I've convinced myself (after reading these forums) that I want to acquire a vintage Ariens. It makes zero sense since I already own a 2015 Platinum SHO but I can use it from time to time to clear the large concrete apron around our barn. 

After several weeks of searching, this one seems to be the best of the local Craigslist offerings. Based on Scot's excellent website, I think it's from 1976. It's had just one owner and has been in storage for 7 years. The owner's nephew runs a mower shop and has allegedly cleaned the carb and replaced the fuel lines so I'm told it "runs great". They were asking $350 but have come down to $300 which I think is still too high. However, it's calling my name. Am I crazy? 

Since I can't post photos yet, here's a link with photos. 

https://www.flickr.com/photos/rod330/albums/72157673869304711

Thanks in advance for your feedback.


----------



## nwcove (Mar 2, 2015)




----------



## russkat (Feb 25, 2015)

If that's the one you want and clean units like that one are hard to find, then I say go for it.
You'll soon forget that you may have overpaid, besides, how much longer will you have to look for something similar in that condition?
Also, as the weeks and months drag on, the prices will only be going up.

If I found a vintage Gilson or Ariens in these parts in that condition, I would not hesitate paying $300.00

If I'm not crazy for driving 1,655 each way from Denver to central PA to buy a garden tractor (loader actually), you're certainly not !


----------



## ELaw (Feb 4, 2015)

I'll cast another "go for it" vote!

*If* it's in as good condition mechanically as it is cosmetically, I'd say $300 is a reasonable price.


----------



## Kiss4aFrog (Nov 3, 2013)

It seems like a lot of money but if you consider the amount of effort and time some of us put into a fifty dollar machine then that $300 bucks doesn't seem all that bad.

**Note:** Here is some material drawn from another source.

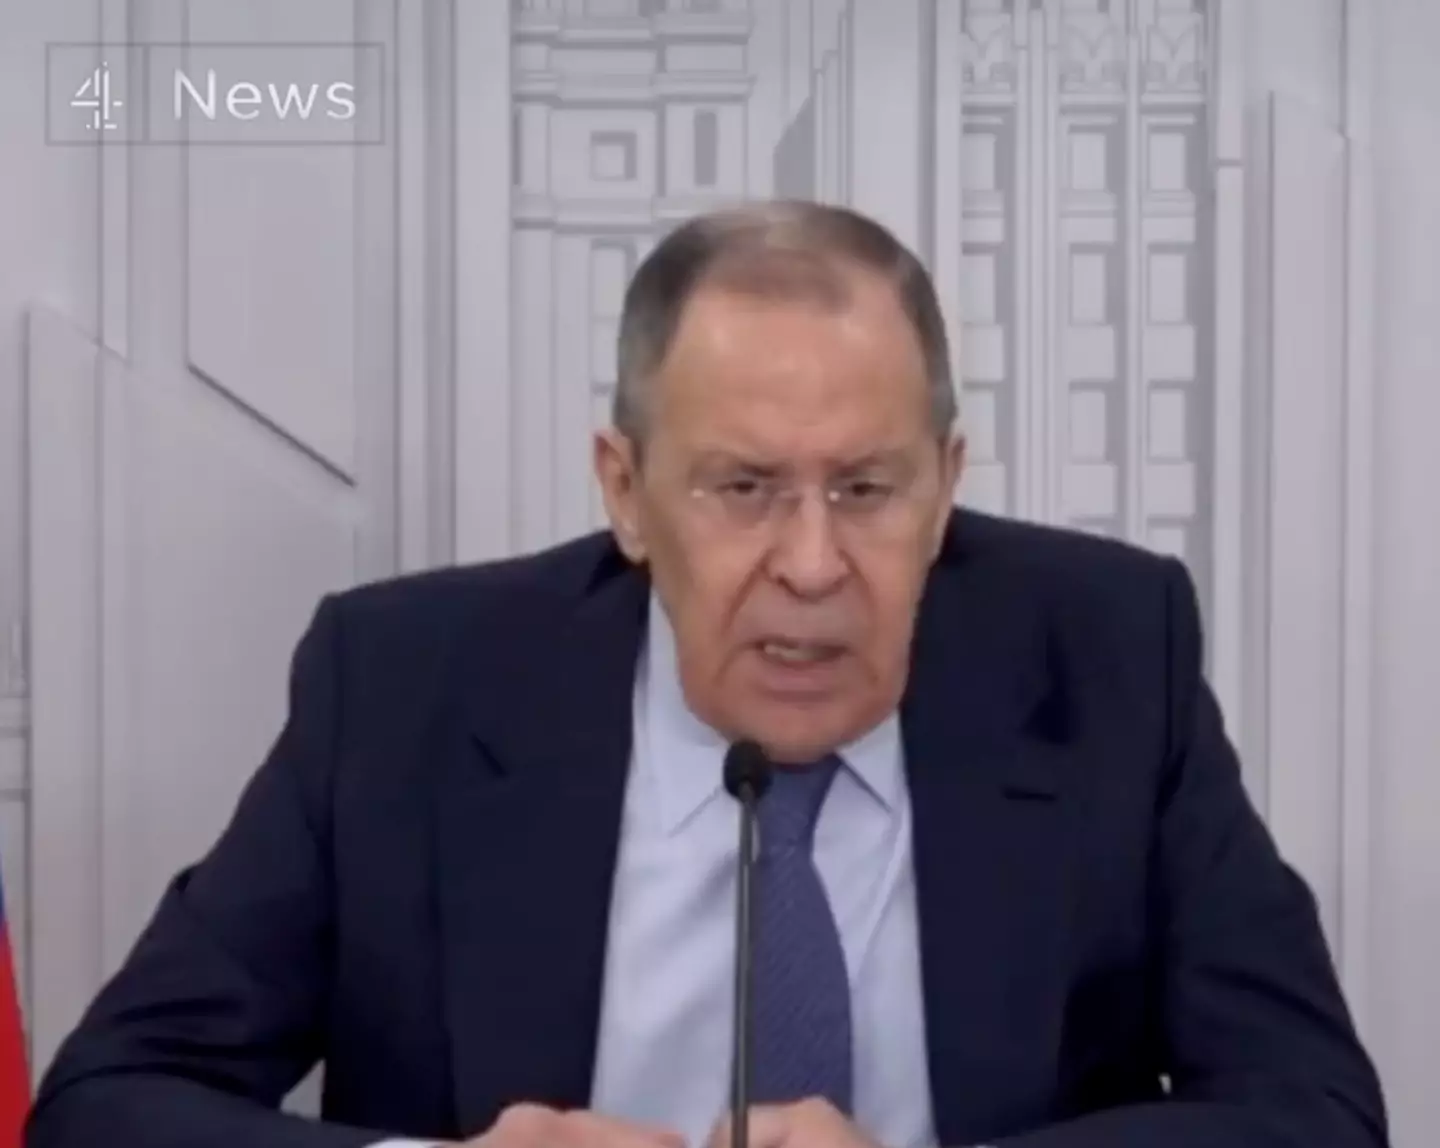 The Russian Foreign Minister was disparaging (

Especially if you don't have the time or space to tear one down and tinker restoring it.


----------



## sscotsman (Dec 8, 2010)

$300 is a fine and reasonable price, for several reasons:

1. We are nearly at the time of year for highest used snowblower prices:
highest prices: late autumn and early winter, because demand is high.
lowest prices: Spring, because demand is low.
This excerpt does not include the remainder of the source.